- WORK INSTRUCTIONS: Repeat the entire listing exactly. Omit all pictures.

- SOURCE MATERIAL:
::::::::::
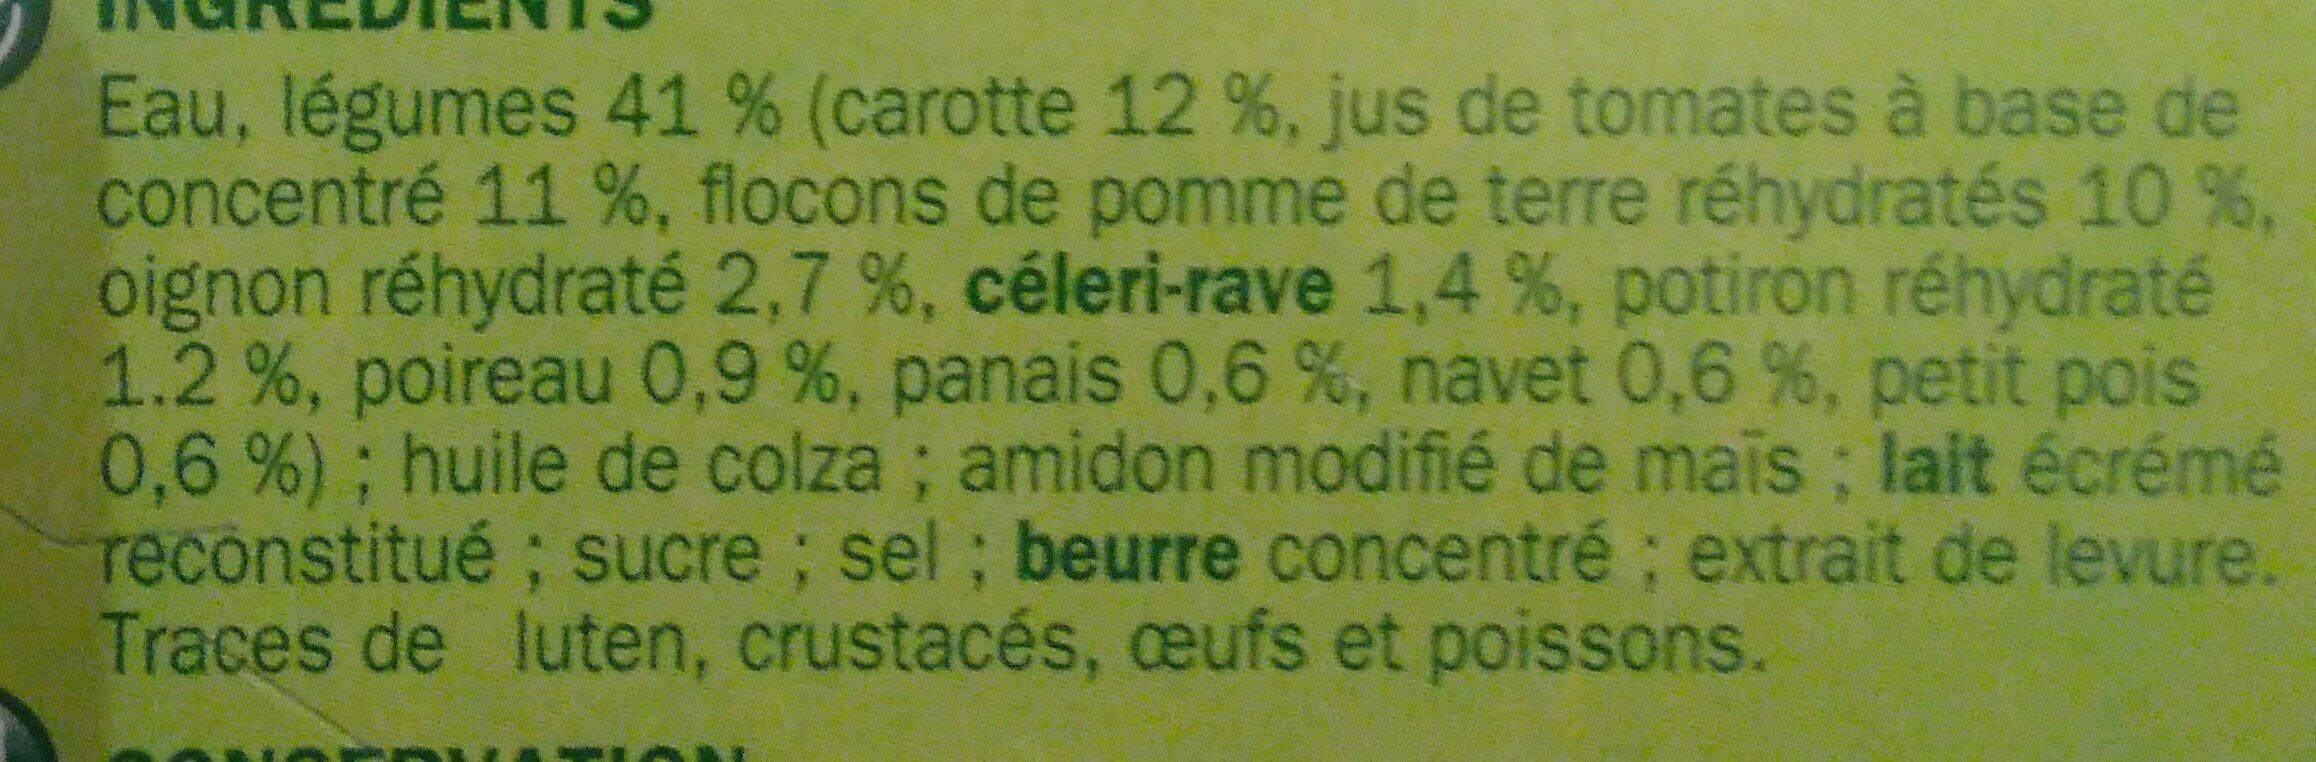 Velouté de légumes - Ingrédients - fr
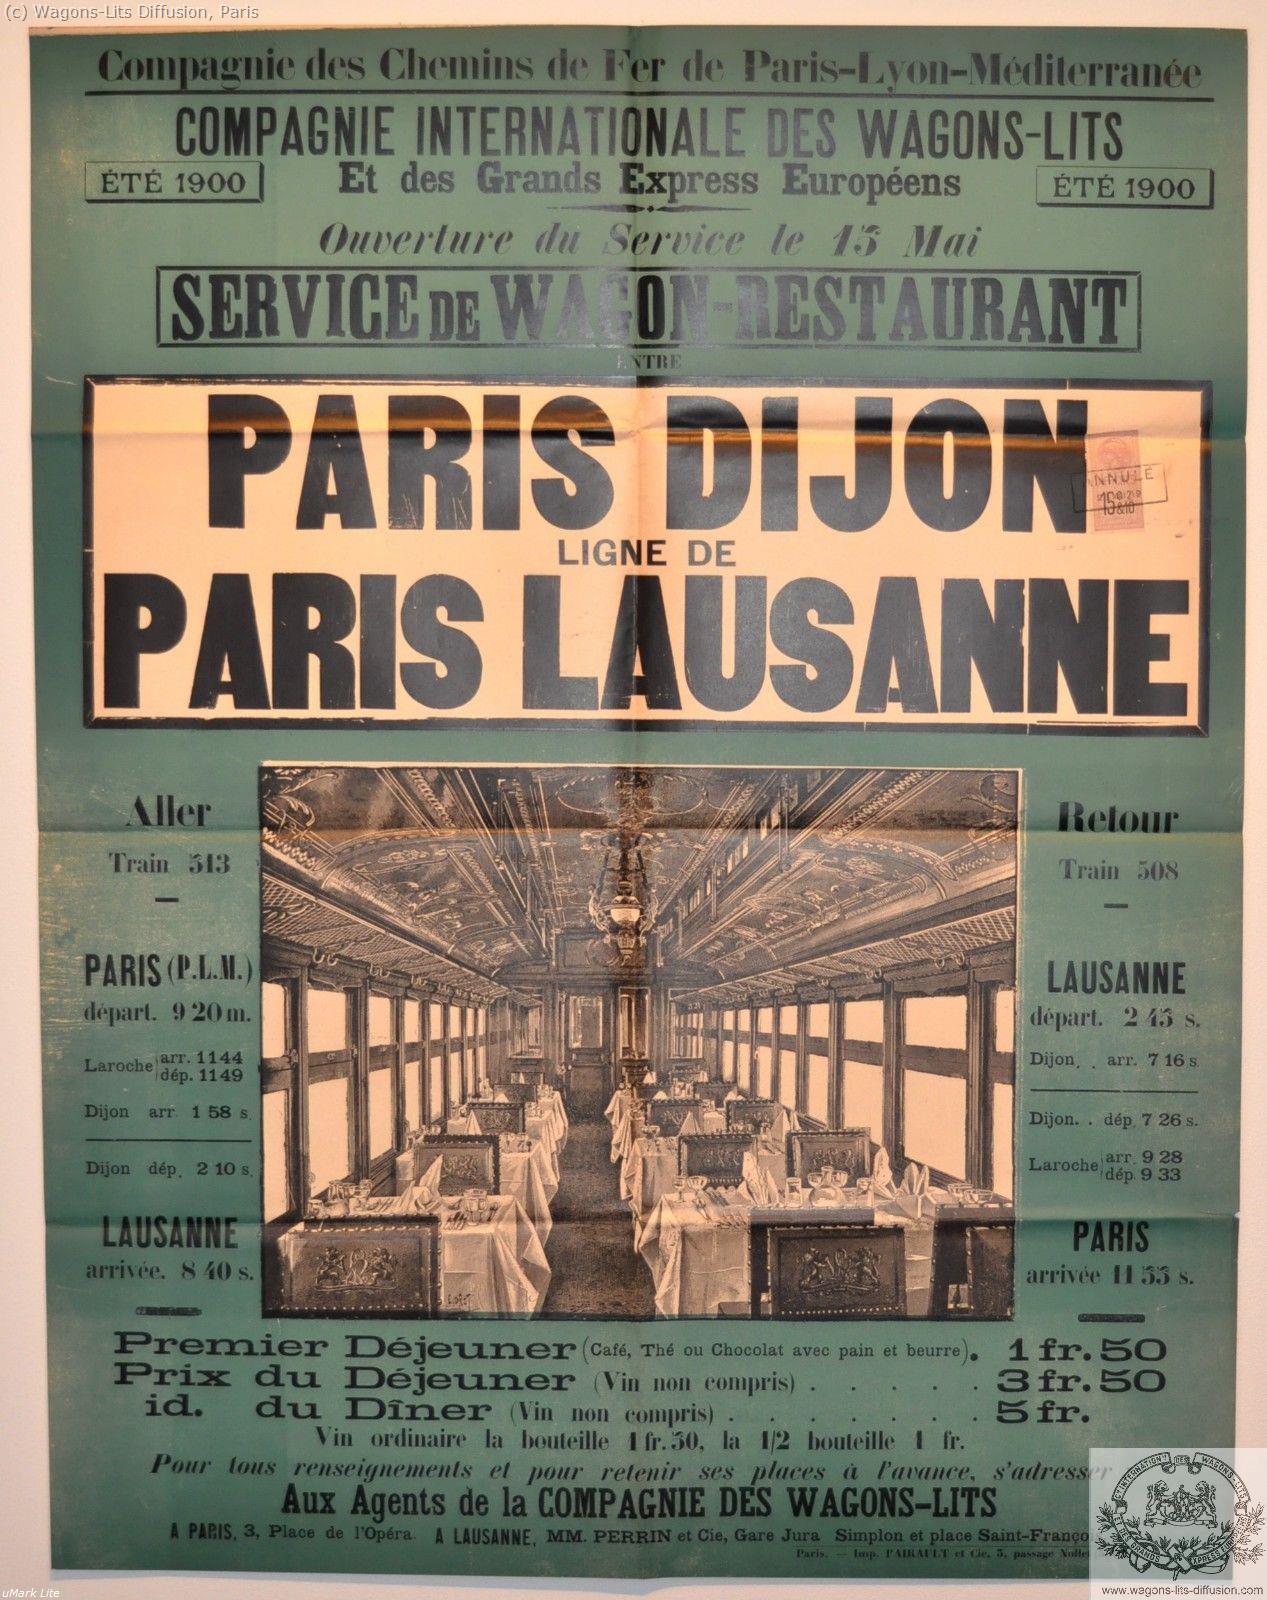 PLM Paris Dijon Lausanne Ref 1077
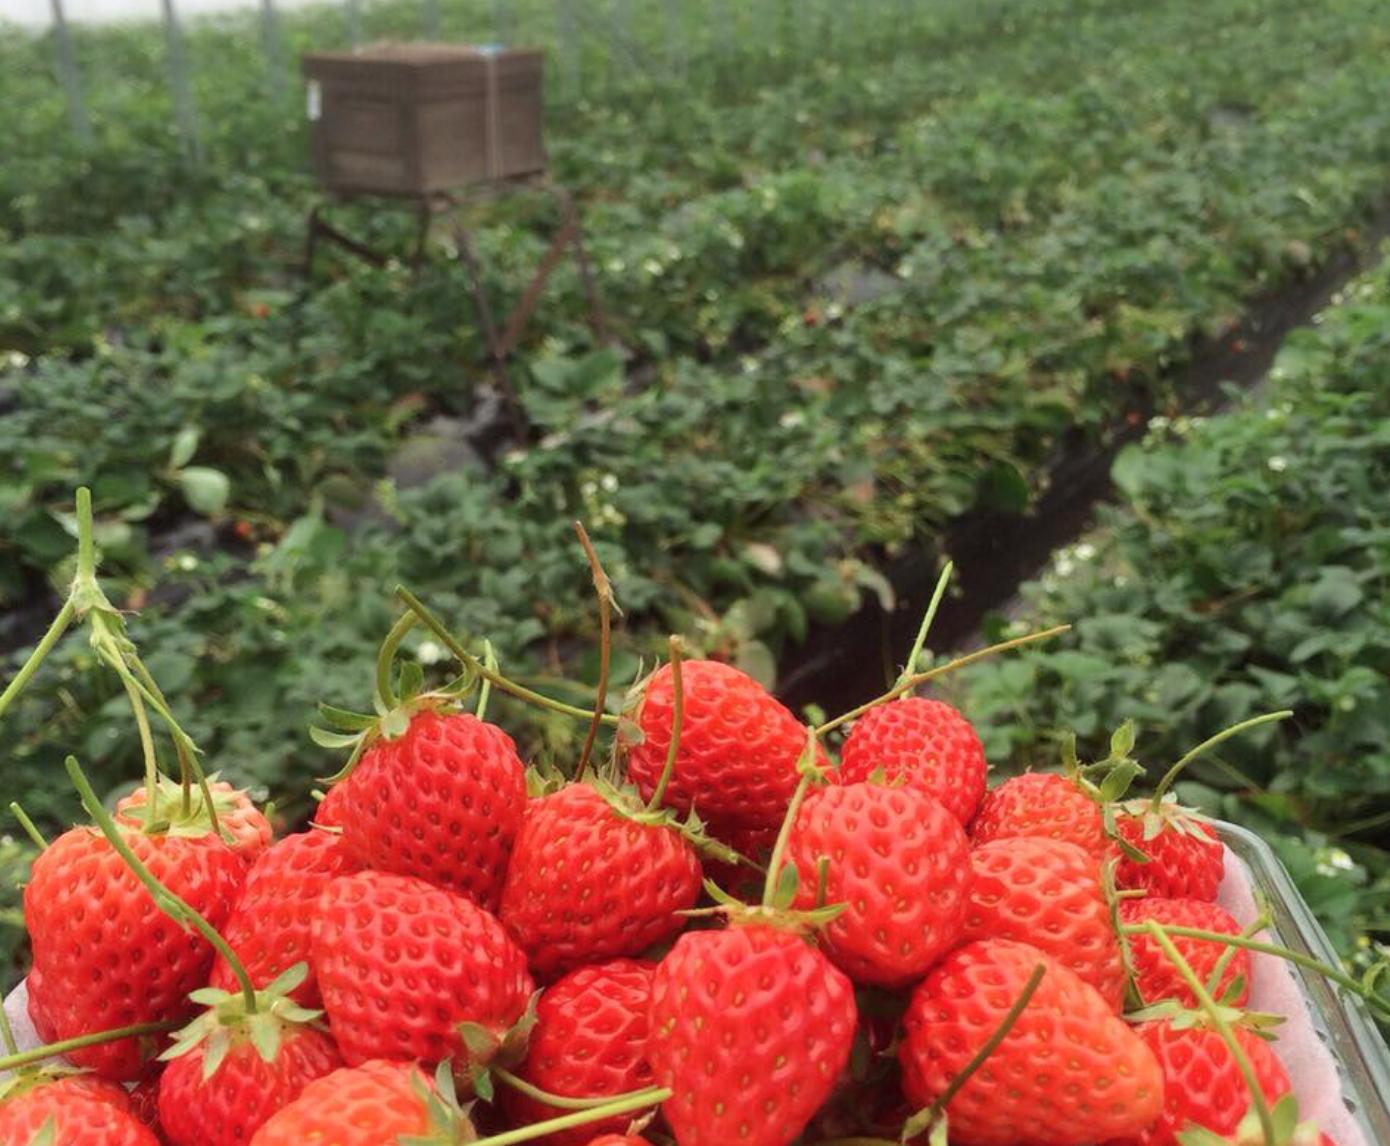 美味しくて可愛い苺スイーツが食べたいなら、岡崎のいちご農家「伊藤園」へ - 713dea155dc290b149272d11618e23dc
::::::::::
- RESPONSE BELOW:
 Velouté de légumes - Ingrédients - fr
 PLM Paris Dijon Lausanne Ref 1077
 美味しくて可愛い苺スイーツが食べたいなら、岡崎のいちご農家「伊藤園」へ - 713dea155dc290b149272d11618e23dc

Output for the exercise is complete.